I don't fear funeral homes, visitations or funerals. I don't fear grief. I don't like grief - and I've certainly had enough in my life. But I find the rituals around death cathartic, comforting and affirming - the opposite of denial. Funerals usually calm me and strengthen me. I love the singular focus of remembering and defining someone. I need those moments. I will always regret not going to my paternal grandfather's funeral; I was living in California and had already purchased a plane ticket to go to Kentucky when I got the news that Papaw had died, and my family said that since I was already coming home the next week, to not change my tickets - too much trouble, too expensive, etc. I regret that decision to this day - it denied me something I very much needed, and a celebration that my family still talks about.

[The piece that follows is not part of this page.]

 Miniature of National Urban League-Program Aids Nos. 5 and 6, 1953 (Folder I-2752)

My littlest niece, just three years-old, was around her Mamaw as much as possible, thanks to my sister. At the funeral home, my niece walked up to the open casket during visitation, looked at her beloved grandmother, looked over at my sister and said, "Mamaw passed out." Mamaw would have loved that. My niece told me twice at different times, matter-of-factly, "Mamaw died," and each time, she waited for my followup comment, and then she ran off to do something else. And on my last night in Kentucky, we were alone together in a kitchen, she asked for some milk. I poured her some, handed her the glass and she drank a bit, then said, out of the blue, "Is this Mamaw's glass?" It was, in fact, and I told her so. "Did she drink out of it?" I told her she did. She went back to drinking her milk and thinking. My niece probably won't remember any of this, but now I've written it down, and I'll get to tell her some day, and together with any memories she has, plus the endless number of photos and videos we have, and the stories we tell, this will keep her great-grandmother alive for her, always. And just like me, she will grow up going to funerals - and I think that's a very good thing.

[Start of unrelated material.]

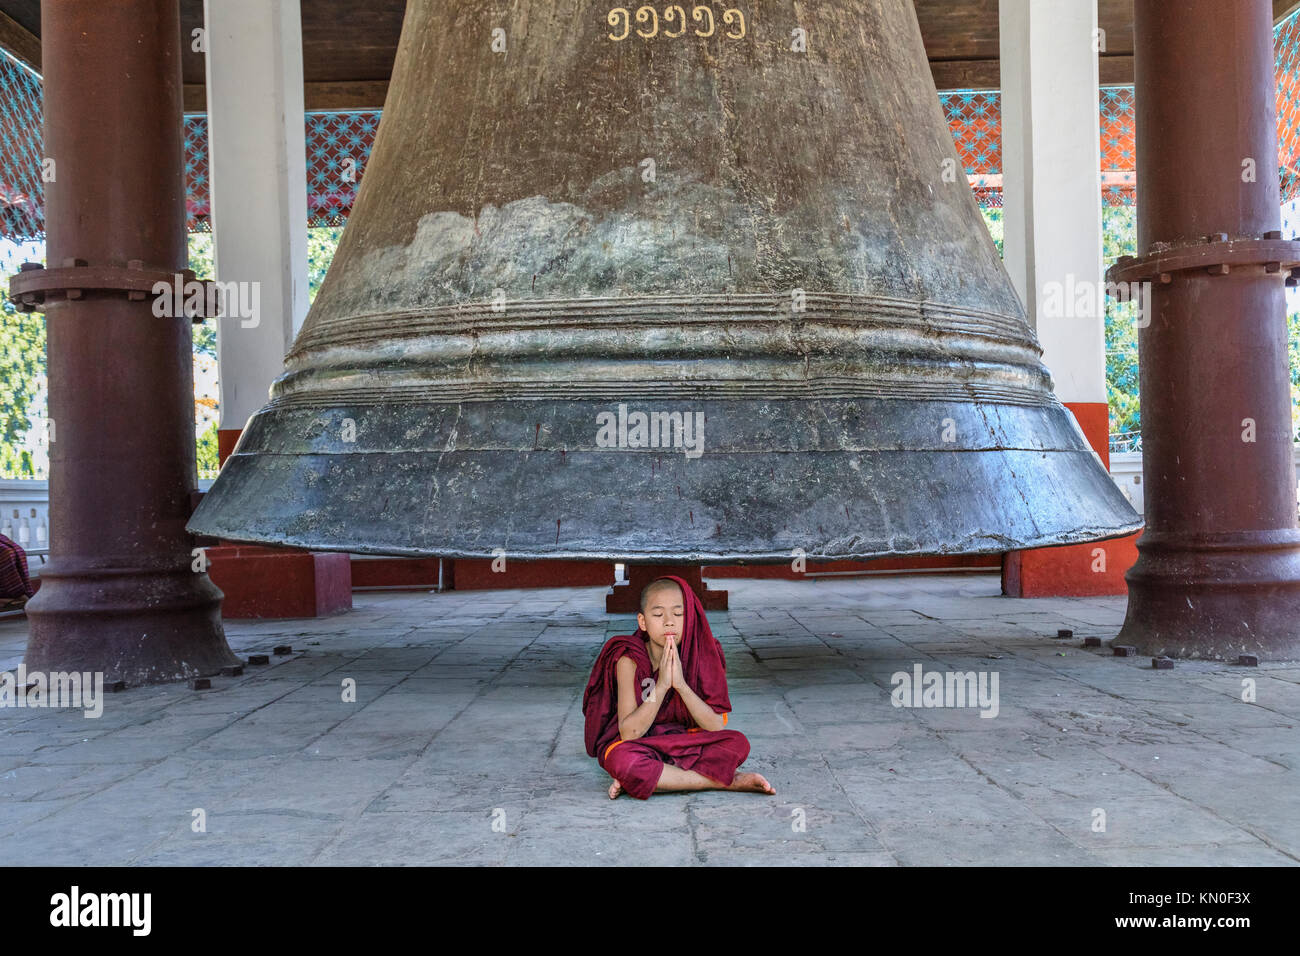 Mingun Bell, Mandalay, Myanmar, Asia Stock Photo

My Mamaw hand-wrote notes about her life, and sent them to me and to my siblings, her only grandchildren. I recorded her talking about her life, and will be digitizing this later this week. We have so many photos of her. We have videos. I cherish it all, and I know that, some day, my nephew and nieces will cherish them, and their children as well.

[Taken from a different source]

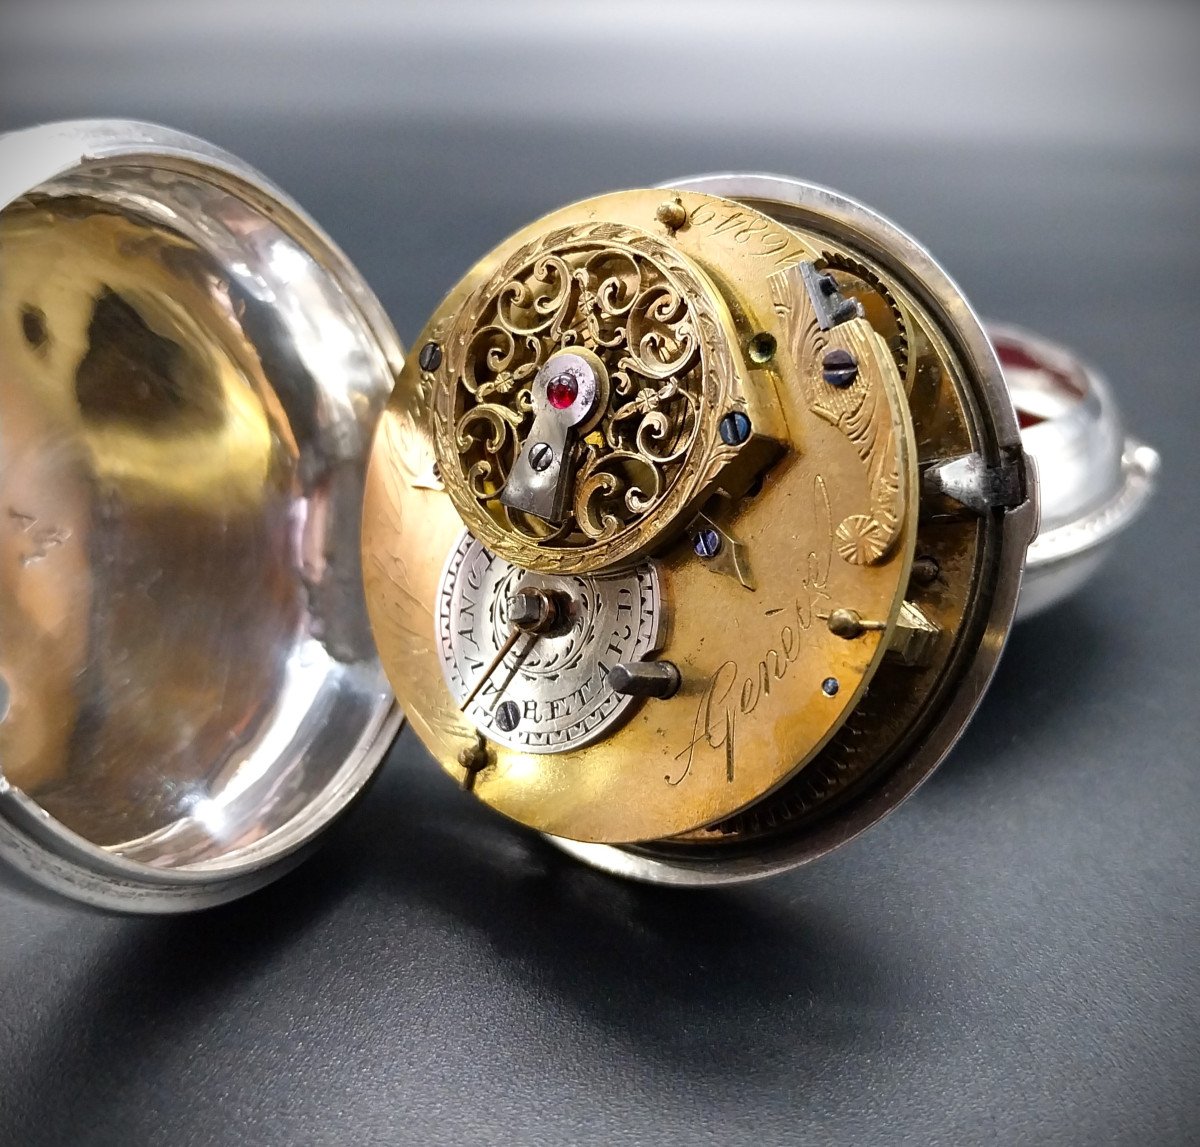 Orologio da tasca con scappamento a verga, firmato "Freres Wiss et Menu a Geneve", fine 700-photo-5

I've never spoken at a funeral, but for my dearest Mamaw, I had to. Below is what I wrote to say - and I did say most of it, though I think I did some edits in the moment. But one thing I didn't say, and I wish I had: her marriage to my Papaw, Jack Cravens, was the model for my marriage. I never wanted to get married. I had no plans to get married. But when I met the man who is now my husband, and when I knew I really wanted to be married to him, I knew what a good marriage looked like - the ongoing work it takes, the joys and the sacrifices - because of Mamaw and Papaw. I so wish I had said that at her funeral.

Here's my speech:
    Ice cream made from snow.
    There’s a Monster at the End of this Book
    Chicken and dumplings.
    Creamed corn.
    Corn bread
    The Brady Bunch on a Friday night.
    Opening a present the night before Christmas Eve.
    Kittens.
    Vacation Bible School.
    Hay rides.
    Fear of chickens
    Fear of mice
    No fear of snakes
    Ronald Colman
    Clip on earrings
    Shadow puppets
    Opfrah
    Going to town.
    Going off.
    Singing.
    Belly laughs.

    Those are 20 or so things that make me think of our Mamaw, Emma Cravens. I could name 1000 more.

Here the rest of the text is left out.